Agency chefs: kitchen heroes or mercenary zeros?

With good chefs in short supply, there is top money to be made in temping right now. But what does that mean for wider recruitment? Who will benefit? And will agency chefs ever shake off their reputation as kitchen cowboys?

For the past 18 months, York restaurant Le Cochon Aveugle has been trying to recruit a chef de partie (CDP). Yet despite its stellar rep (The Guardian critic Marina O’Loughlin described it as “a small work of art”), its chef-owner Josh Overington has not found one. He laughs, ruefully: “In four years, I can’t ever remember being fully staffed.”

That will surprise no one in hospitality. The industry is suffering an unprecedented skills shortage where good chefs are like gold dust. But could a new trend – the increasing numbers of chefs taking up lucrative agency work – be an aggravating factor?

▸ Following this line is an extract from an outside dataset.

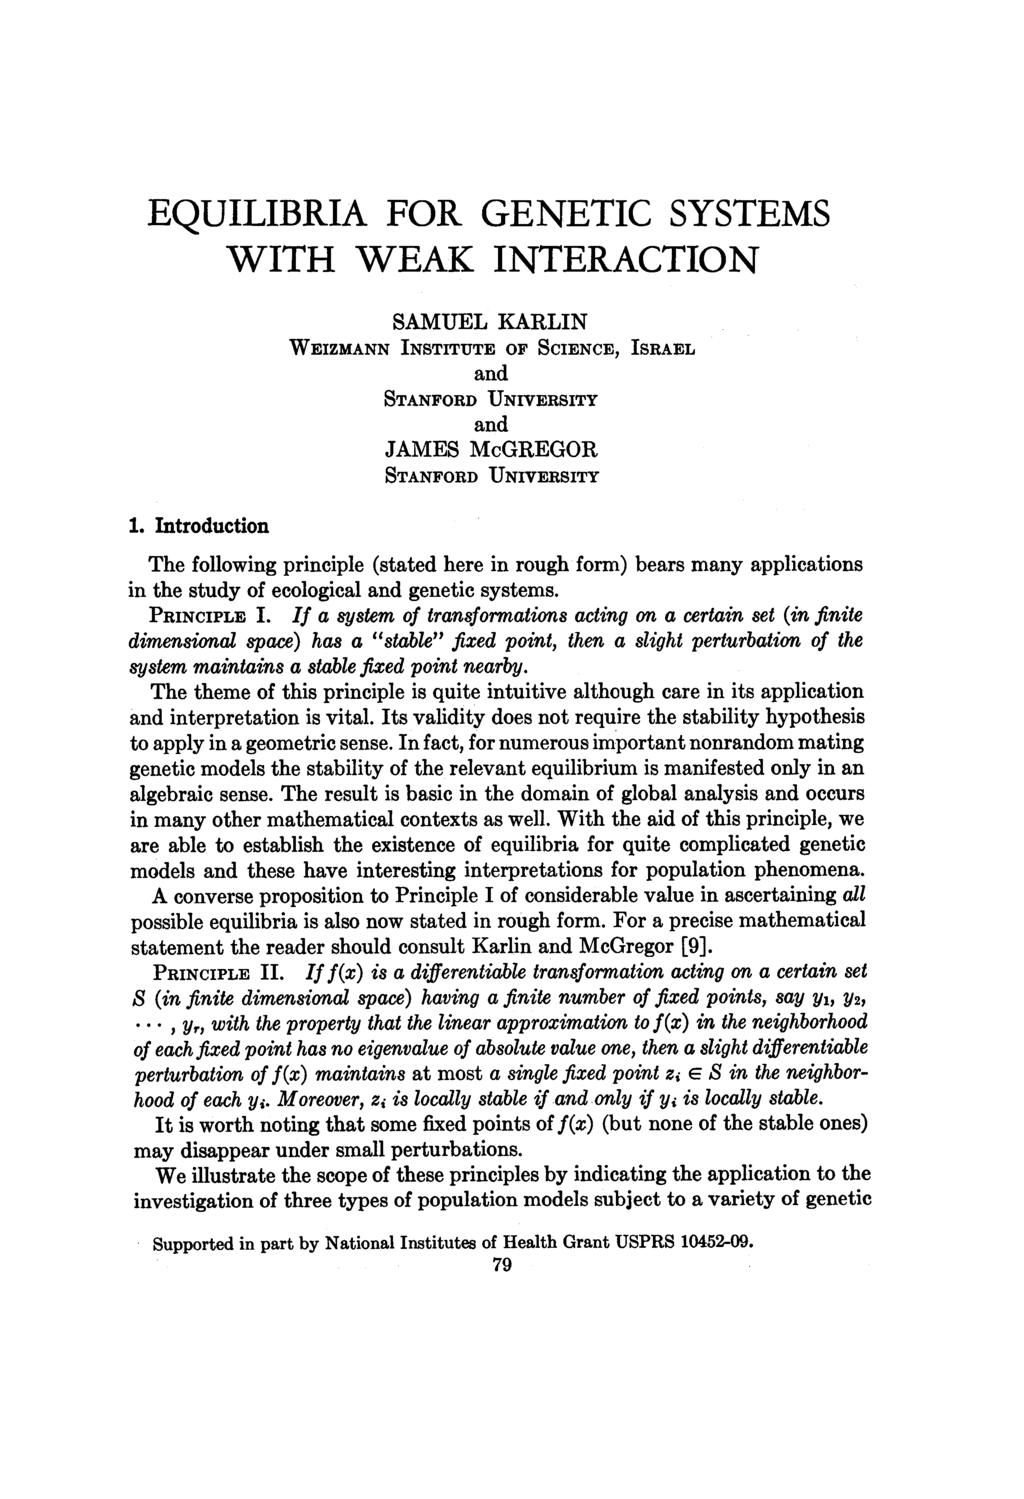 EQUILIBRIA FOR GENETIC SYSTEMS WITH WEAK INTERACTION SAMUEL KARLIN WEIZMANN INSTITUTE OF SCIENCE, ISRAEL and STANFORD UNIVERSITY and JAMES McGREGOR STANFORD UNIVERSITY 1.

Overington thinks so: “The conversation [with candidates] is often about money,” he rues. “Usually they don’t have any experience but they’re an agency chef and what I’m offering, the chance to learn, means nothing. They think, ‘I’m 20, earning £35,000 a year, why bother?’. It’s the hours, too. If you can work a day shift, why would you do five 14-hour days with me? It’s a hard sell, unless you really want to be a chef and are willing to work your arse off.”

There is no concrete data on how quickly the agency sector is growing but, anecdotally, everyone that Restaurant has spoken to – chefs, owners, agencies – agrees that it is. And the reason is obvious: the demand for chefs massively outstrips supply. Earlier this year, a KPMG report for the British Hospitality Association, Labour Migration In The Hospitality Sector, showed that job postings for the sector increased by 60% each month in the two years to December 2016. This puts chefs in a very powerful position and, increasingly, they know it.

A vicious cycle

Restaurants are desperate for staff. They are often forced to fill crucial positions temporarily, and they will pay a premium for relief cover. Consequently, chefs can earn far better money (up to £18 per hour for head chefs) doing permanent agency work, rather than taking full-time positions. It is a vicious cycle. More chefs are doing agency work. Fewer are taking permanent jobs. And so a growing number of owners are reliant on agency staff.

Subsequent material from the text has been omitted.